Question. Please refer the literature where is approximated $$\sum_{\rho}\frac{1}{|\rho|^2}$$ where the sum runs over all the non-trivial zeros of the Ramanujan's zeta function, and I try to search and read from the literature how was it computed. In case that it is unknown, please add your approach to calculate and justify an approximation.
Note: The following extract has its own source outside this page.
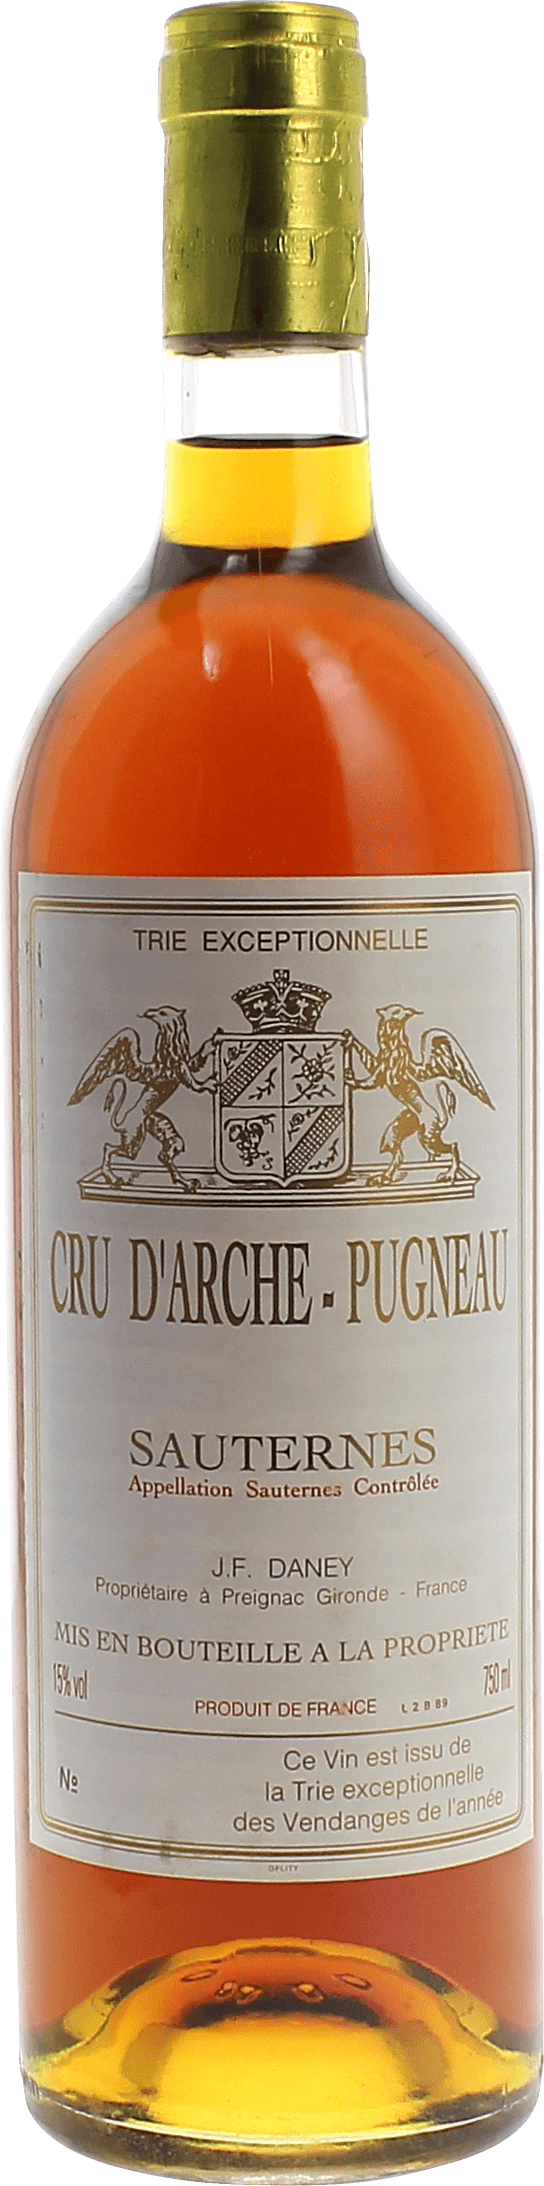 Arche pugneau 1989  Sauternes Barsac, Bordeaux blanc

Many thanks.

Feel free if you want to add an optional comment/remark mentioning what convergent series involving non-trivial zeros (or convergent series involving  the imaginary parts of those) of the Ramanujan's zeta function can be approximated, and that are similar to those series that are in the literature involving  non-trivial zeros of the Riemann zeta function.
As reference for the Ramanujan's zeta function we know from Internet the article Tau Dirichlet Series of the encyclopedia Wolfram MathWorld, and the book [2].
References:
[1] Kevin Ford, Zero-free Regions for the Riemann Zeta Function, Number Theory for the Millenium II, A K Peters (2002).
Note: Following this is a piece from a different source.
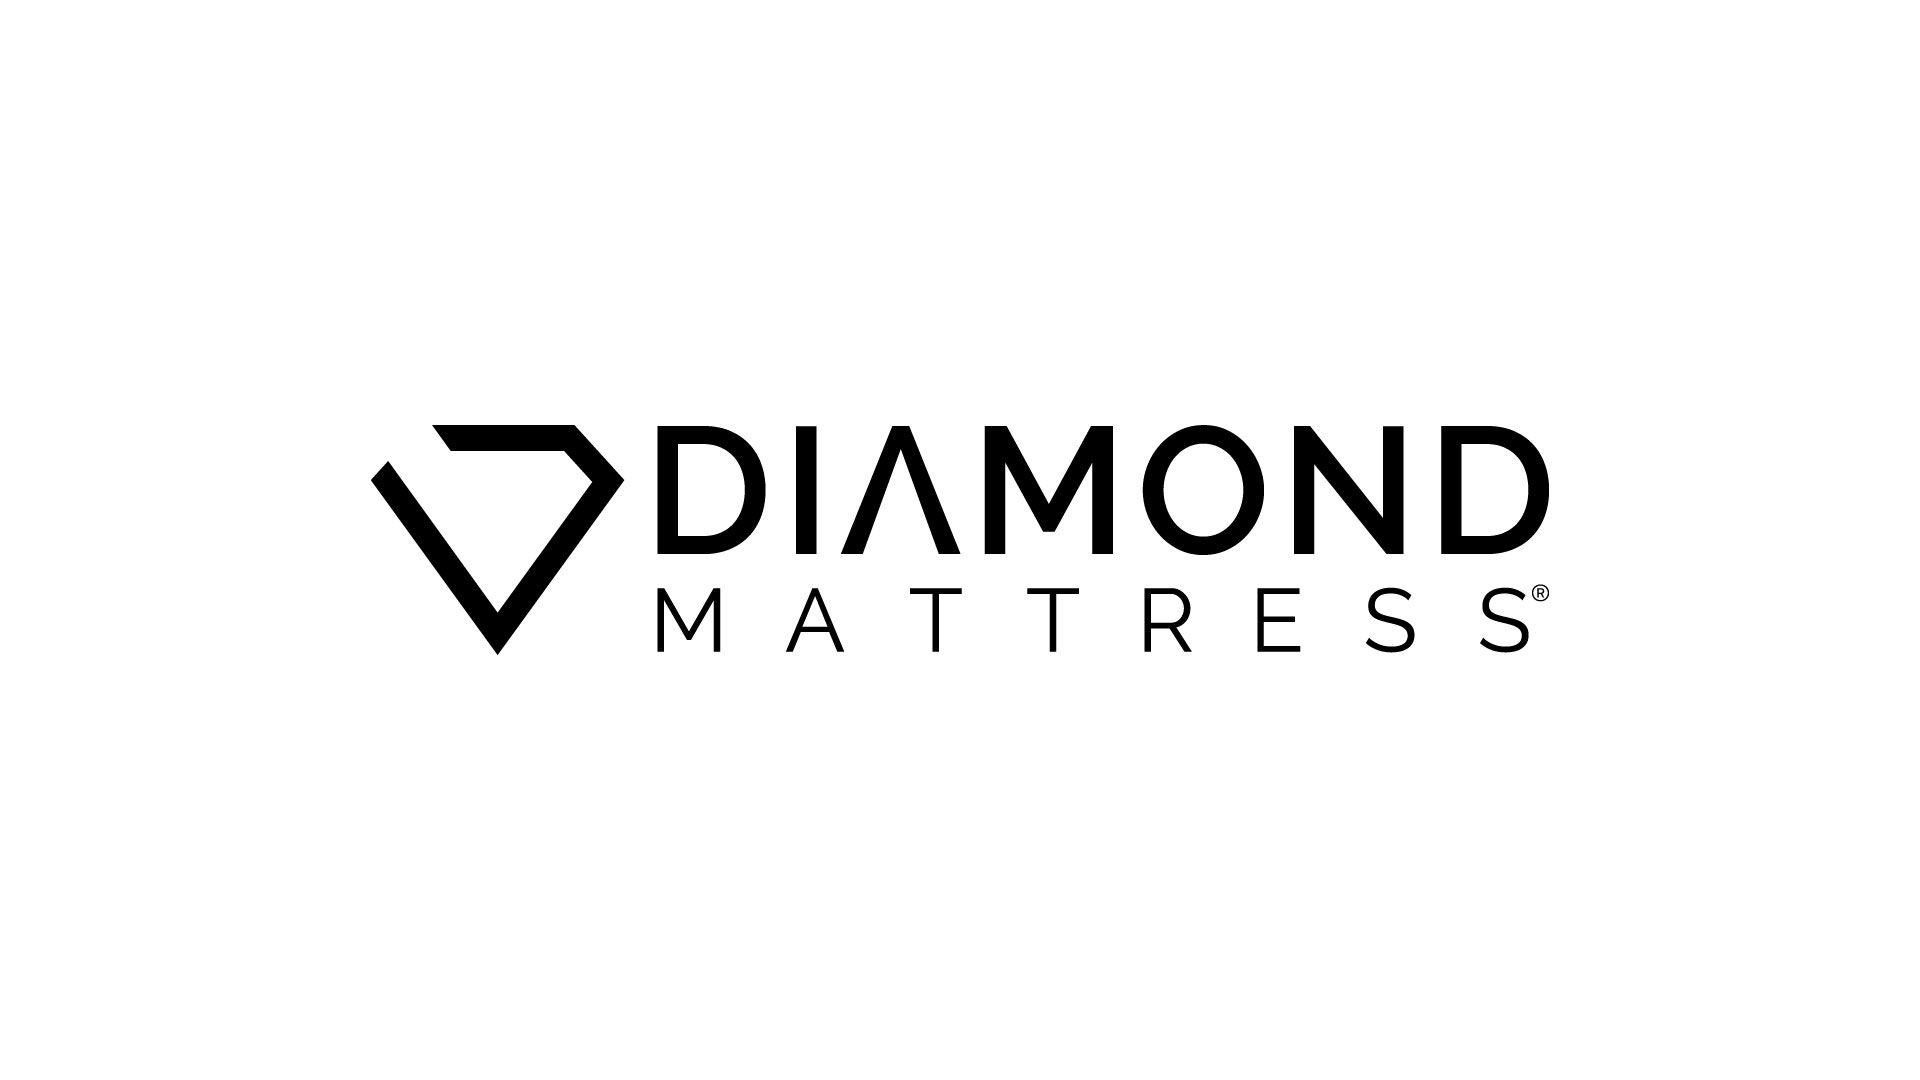 Mattress Logo - Chattam & Wells Hamilton Luxury Firm

[2] G. H. Hardy, Ramanujan: Twelve lectures on subjects suggested by his life and work, AMS Chelsea Publishing (2002).
 A: Writing the nontrivial zeros $\rho$ as $\beta+i\gamma$ with $\beta,\gamma\in\mathbb{R}$, we first observe that
$\displaystyle\sum_{\rho}\frac{1}{|\rho|^2}\leq \sum_{\gamma}\frac{1}{\gamma^2}$.
We find using the first few zeros of $L(s,\Delta)$ (Ramanujan's zeta function) as computed on LMFDB that
$\displaystyle \sum_{|\gamma|\leq 32}\frac{1}{\gamma^2}=0.05999167...$
Now, consider Lemma 5.4 of https://arxiv.org/pdf/1305.5283.pdf.  In our case, we have $n=1$ and $\mathfrak{q}(f)=11$ (since the associated newform is of weight 12 and level 1).  We find that for any $t\in\mathbb{R}$,
$\displaystyle N(t):=\#\{\rho=\beta+i\gamma\colon |\gamma-t|\leq 1\}\leq \frac{13}{6}(\log 11 + \log(|t|+4))+8\log(|t|+4)$.
This is a GRH-conditional bound, but if you inspect the proof, it can be made unconditional by replacing $13/6$ with $5/2$ and replacing $8$ with $35/4$.  Since $\tau(n)\in\mathbb{R}$,  $\beta+i\gamma$ is a nontrivial zero if and only if $\beta-i\gamma$ is a nontrivial zero by the functional equation.  Thus
$\displaystyle\sum_{|\gamma|>32}\frac{1}{\gamma^2}\leq 2\sum_{j=0}^{\infty}\frac{N(33+2j)}{(32+2j)^2}\leq 2\sum_{j=0}^{\infty}\frac{\frac{5}{2}(\log 11 + \log(|33+2j|+4))+\frac{35}{4}\log(|33+2j|+4)}{(32+2j)^2},$
which is $\leq 1.8298322649...$.  Thus we have
$\displaystyle\sum_{\rho}\frac{1}{|\rho|^2}\leq 1.889824.$
One could be more accurate if one computed more of the zeros of low height (or one assumed GRH).  Alternatively, for more general $L$-functions, one could prove a more general version of Lemma 5.4 and not compute any zeros (at the cost of having an upper bound that could be far from the truth).
A: Assuming the GRH for L-functions attached to modular forms, if $D$ is a cuspidal eigenform of weight $k$ with rational coefficients such as $\Delta$
and $\Lambda(s)=(2\pi)^{-s}\Gamma(s)L(s)$ the completed $L$-function
(so that $\Lambda(k-s)=(-1)^{k/2}\Lambda(s)$), then the Hadamard product
immediately implies that
$$\sum_{\rho}\dfrac{1}{|\rho|^2}=\dfrac{2}{k}\dfrac{\Lambda'(k)}{\Lambda(k)}$$
(add $2/k^2$ and remove polar part if noncuspidal). Thus, in the case of $\Delta$ the sum is
$$0.101406744829750588788908230295355490988...$$
Many similar sums can be computed in the same way.